A despeito da alegada austeridade, gasta-se muito mais nesse governo do que nos anteriores de Michel Temer e Dilma Rousseff no cartão da Presidência. Gasto médio de Bolsonaro ao mês é de R$ 709,6 mil, 60% maior do que Temer e 3% mais do que Dilma. Bolsonaro argumenta que houve dispêndios com quatro aviões à China na busca dos brasileiros. Pegar no pé do presidente é a gincana da moda e nem sempre as duas partes se dão bem. Exemplo de provocação é o caso da frase ´´o trabalho liberta´´ em propaganda do governo que opositores lembraram slogan assemelhado à inscrição nazista à entrada do campo de concentração de Auschwitz. A resposta veio irada pelo titular da Secom, Fábio Wajngarten, que é judeu, tratou do caso como ilação canalha. Ocorre que o governo usou antes metáforas nazistas como a de que a doutrina nacional socialista seria de esquerda, o que provocou reações até internacionais, depois houve aquela do chanceler ao comparar o isolamento sanitário a campos de concentração e em seguida a do secretário de Cultura, Roberto Alvim, ao parafrasear Joseph Goebbels, ministro da Propaganda de Hitler, o que o levou à demissão. Não se pode negar que quem começou com as analogias foi o time do governo. Sobre o esquerdismo em meio à fúria ideológica poderiam cunhar a comparação entre  PT e o Partido Nacional-Socialista dos Trabalhadores Alemães pelo menos em relação à classe obreira.     

Sem óbitos

Curitiba e Londrina comemoram nesses dias 48 horas sem novos casos de Covid-19 e isso num momento que o país superava 11 mil mortos. Testagem da doença no segundo polo urbano do estado começa esta semana com o laboratório da Universidade Estadual de Londrina fazendo a análise dos exames, necessidade de descentralização com outras universidades com o fim de desafogar a carga do Laboratório em Curitiba.

Intervenção

A maior intervenção de  Bolsonaro até agora, como tenho dito , foi no Ministério Público no caso da nomeação de Augusto Aras que torna a relativa à Polícia Federal, até por não tê-la obtido, insignificante.
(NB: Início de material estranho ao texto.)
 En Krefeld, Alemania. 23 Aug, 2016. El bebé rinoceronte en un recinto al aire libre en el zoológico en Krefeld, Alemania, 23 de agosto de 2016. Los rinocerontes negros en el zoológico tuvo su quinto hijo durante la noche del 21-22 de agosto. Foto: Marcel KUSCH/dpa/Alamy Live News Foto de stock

O que se viu no caso foi a omissão da resistência corporativa na exigência da lista tríplice, o que não significa que a categoria a tenha ratificado. Especula-se agora que tanto o ministro da Justiça atual como o Procurador Geral da Justiça são aspirantes  a vagas no STF. Aras, até aqui, tem estado alinhadíssimo. Hoje não haveria clima de Lava Jato e tanto que os policiais a ela vinculados foram recentemente exonerados. Pelo jeito o lavajatismo saiu de moda, embora alimentasse fortemente as legiões bolsonaristas.